Below is the second part in a two-part Q&A series from our interview with Mark Roellig, chief technology and administrative officer of MassMutual. In the final half of the interview, ACC Docket Editor in Chief Tiffani Alexander asks Mark about how his career has evolved in tandem with technology.

Read the first part of his interview here. For more of Mark's career advice, read his essay "Lessons Learned Over My 45 Years of Working."

The evolution of a career

Mark RoelligACC: Speaking of your new opportunity at MassMutual, tell us a little about your current role as chief technology and administrative officer.
Mark: The way it came about, I was having a conversation with our CEO, Roger Crandall, about what I’ve done here and what my future is at MassMutual. I have been general counsel for a little over 11 years here, and my view is that I’ve developed several strong potential successors and have probably done all I can do in the legal space. It’s time for somebody with new perspectives to take that role and the department to the next level. Probably a week or so after that conversation, he came back to me and said, “Mark, I think I might have an opportunity for you that may challenge you a little, and add value to the business — would you be interested?” I said, “Yes.” I think change is good, and I think that being in new positions is good for both the enterprise and the individual.

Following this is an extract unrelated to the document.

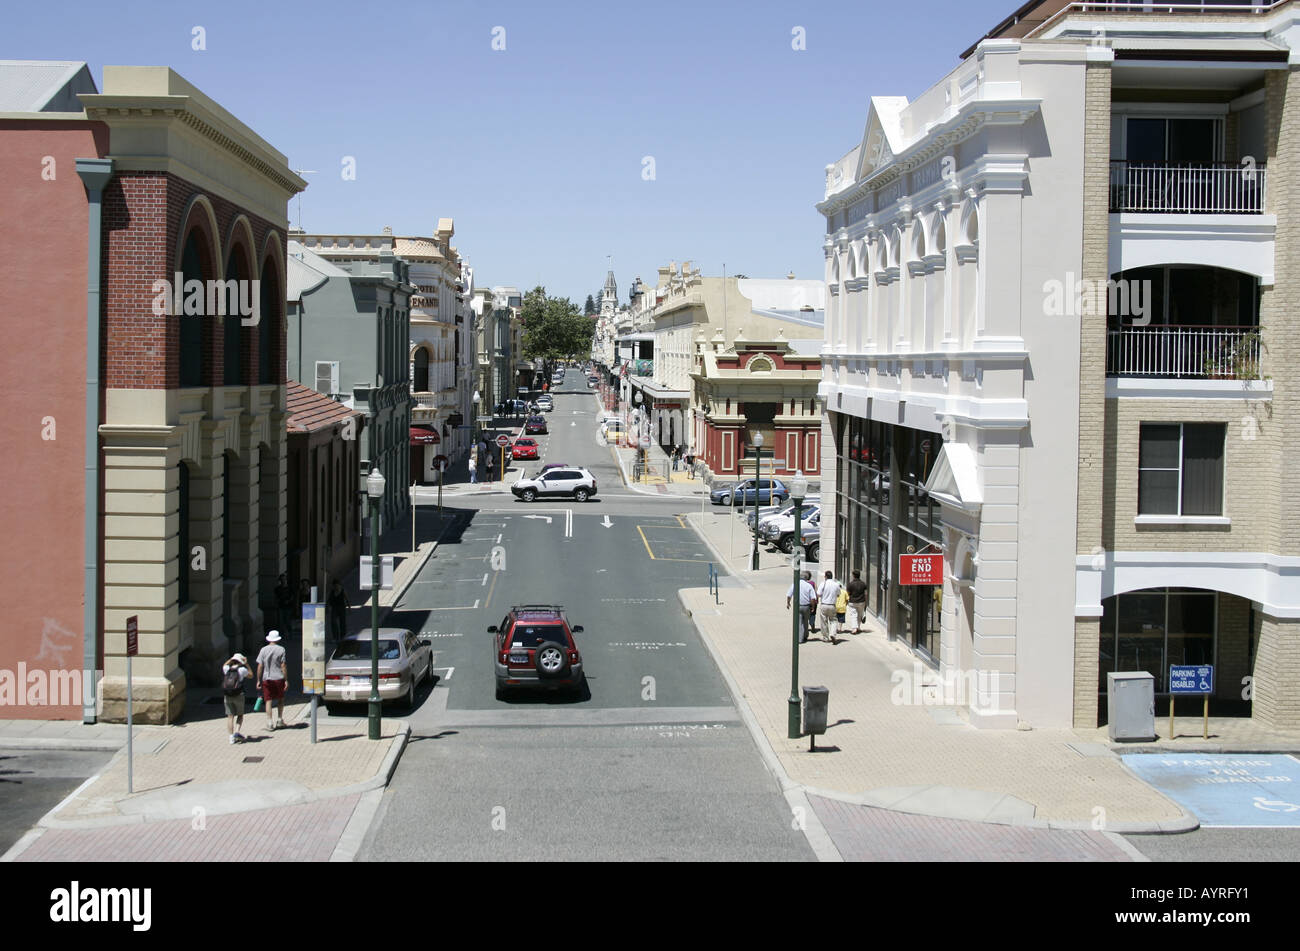 Looking down Fremantle High Street. - Stock Image

ACC: How has your role as general counsel prepared you for your new position?
Mark: There are a few key things that are of value to me, having been general counsel at four companies now, and doing so for approximately 20 years: Leadership skills is number one; number two, business skills; and lastly, having the strategic skills to understand where the enterprise is going. Therefore, whatever organization I’m responsible for — whether it’s law, or the administrative or technology teams — the question is how do I ensure that we are using that organization to advance the business strategy? Those three are the key skills I’ve picked up along the way. If you asked me my core competencies now, I would not say being a technical lawyer. Today, I would say my core competency is that I know how to lead large administrative and service organizations that are aligned with — and can advance — the business.

ACC: With that in mind, what about this new position excites you the most? And on the flipside, what’s causing a little bit of angst or anxiety?
Mark: There are two sides to the same point: What excites me the most, and it’s the reason why when I talked to my CEO I was happy and excited to do this, is that I very much like to learn. I like to be in areas where, hopefully, I can be innovative, creative, bring a new perspective, and add significant value. Being in new areas and being uncomfortable causes me to learn, think, and be on my edge.

Having said that, the flipside is that I’m uncomfortable. I go home and I worry that perhaps I don’t quite know enough about what I’m doing. I’m in an area in which I don’t have great expertise, and I don’t know all the players. So there is not a slight degree of discomfort; there’s a significant degree of discomfort! I’ll be honest: I don’t sleep anywhere near as well at night as I did probably six months ago. But that’s a good thing, as the very thing that is creating the discomfort, causes the excitement and for me to operate at my best.

ACC: You spoke about leading teams. How is your new team helping you in your current role and vice versa?
Mark: It’s all about the team. I start with my direct reports, and then I meet with others in the organization. I am stretching them to tell me what to do, as compared to me telling them what to do. I need their help and support.

"One of my mantras is never skimp on technology or education." 

ACC: I think that’s a testament to your leadership skills.
Mark: I’ll be honest with you; my job is rather basic. I really only do four things:

  1. It’s all about the people on the team. I find the right people and put them in the right positions.
  2. I help create the objectives for the organization. I can do that because I am involved in the meetings with our board of directors. I sit with my CEO. I sit with my peers in the business, and then I sit with my teams and business partners that have technical expertise, and then working together, we create our strategy and objectives.
  3. I help the team get there, whether it is giving them resources or access to the appropriate people. One of my mantras is never skimp on technology or education. If you are asking your team to do a lot, you must provide them with the tools to be successful.
  4. I reward, recognize, and promote those that get it done. And on the flipside, if somebody isn’t getting it done, I try to help get them there. If they don’t get there, I have the fortitude to make the changes.
And that’s all I do — pretty simple.

ACC: It sounds like a lot to me! Is it a true assessment that you hope to help create leaders in your new role? What other impact do you hope to have?
Mark: At the end of the day, people compensate me for one thing: to add significant positive value to those who have entrusted their valuable assets in me. Our purpose here at MassMutual is to help people secure their future and protect the ones they love. Hopefully, I will be able to do that through this new role. Then to dive down a little bit deeper, you’re absolutely right: I plan to build a team that is in my view the best in Corporate America. I hope that we will be strategic and business-focused, and therefore, really be winners and leaders, and add value to the business and to our policyowners.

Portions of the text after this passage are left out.